Octavian Oncescu edited this page Jun 14, 2019 · 18 revisions

At the core of every blockchain protocol lies its consensus algorithm. The performance and safety properties of the underlying protocol are directly determined by the consensus algorithm and such it is the most vital subject that can be addressed.

This section's purpose is to explain the inner workings of the consensus algorithm that Purple Protocol uses.

Introduction to Decentralized Systems

A decentralized system is first and foremost a distributed system. A distributed system is a network of computers, called nodes, which are composite parts of a larger system. The difference between a decentralized system and a distributed one is that in a decentralized system, the composite nodes are also owned by different entities.
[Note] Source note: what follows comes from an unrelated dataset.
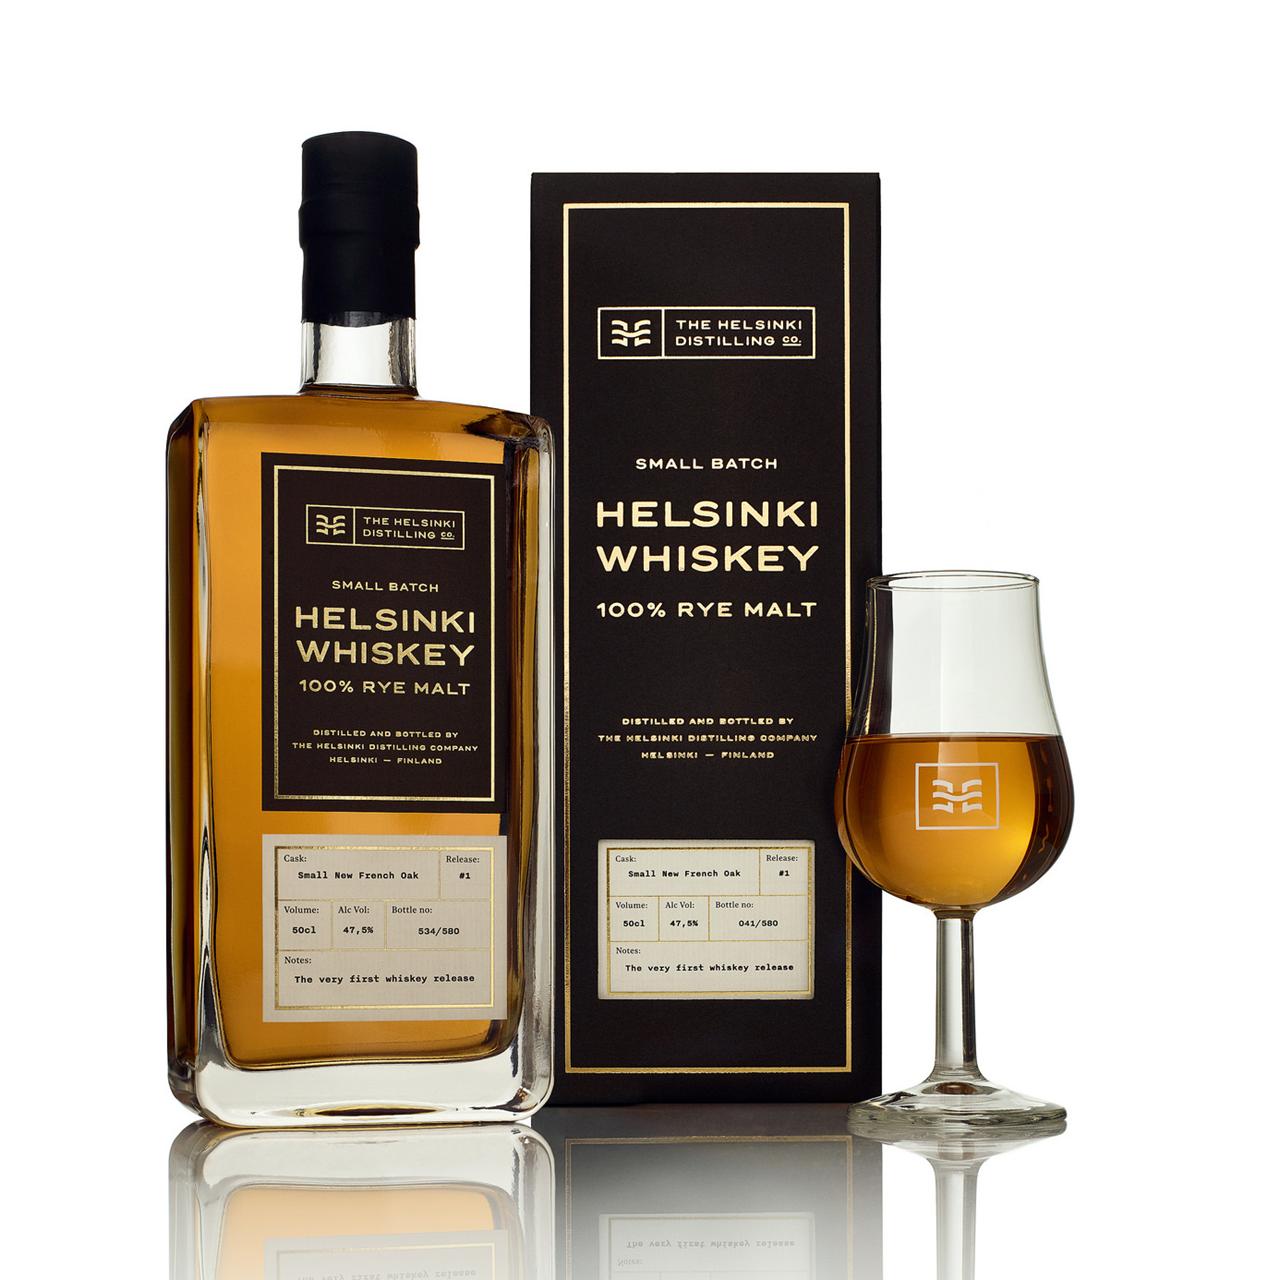 Nordic Whisky #183 - Helsinki Distilling Company 100 % Rye Malt

Every distributed or decentralized system must have a way to sync the nodes between themselves. A naive but effective way to solve this problem would be to require all participant nodes to sync with one central master node, which dictates the next state of the whole network. A good example of this is the Master/Slave Architecture that is used in database replication.

This works but has one big drawback: if the central master node fails, the whole network fails. This is not good in terms of security but can be managed in certain ways. Another drawback is that the master node effectively becomes a bottleneck for write operations throughput i.e. you can read stuff really fast from the database but it takes ages to write to it.

The solution to the write bottleneck is the Master/Master Architecture in which you can write and read on any node in the network. While this makes the write throughput exponentially larger, it also increases the implementation difficulty exponentially. It is almost trivial to implement a master/slave architecture but you often require the smartest people on the planet to implement a master/master one.

Why is this the case? Well, imagine we want to implement a really fast database for facebook so we can retrieve and update our data really fast regardless of where we are on the globe. Only a master/master architecture can scale to this size but it introduces a big problem: if two people update the same thing from different parts of the globe at the same time, which one was first? The second update may be dependent on the first update and as such yield different results if the first update happened or not. In a master/slave scenario this is easy since the writes would happen simply in the order in which the master has received them and all the slaves will then sync their state to that of the master.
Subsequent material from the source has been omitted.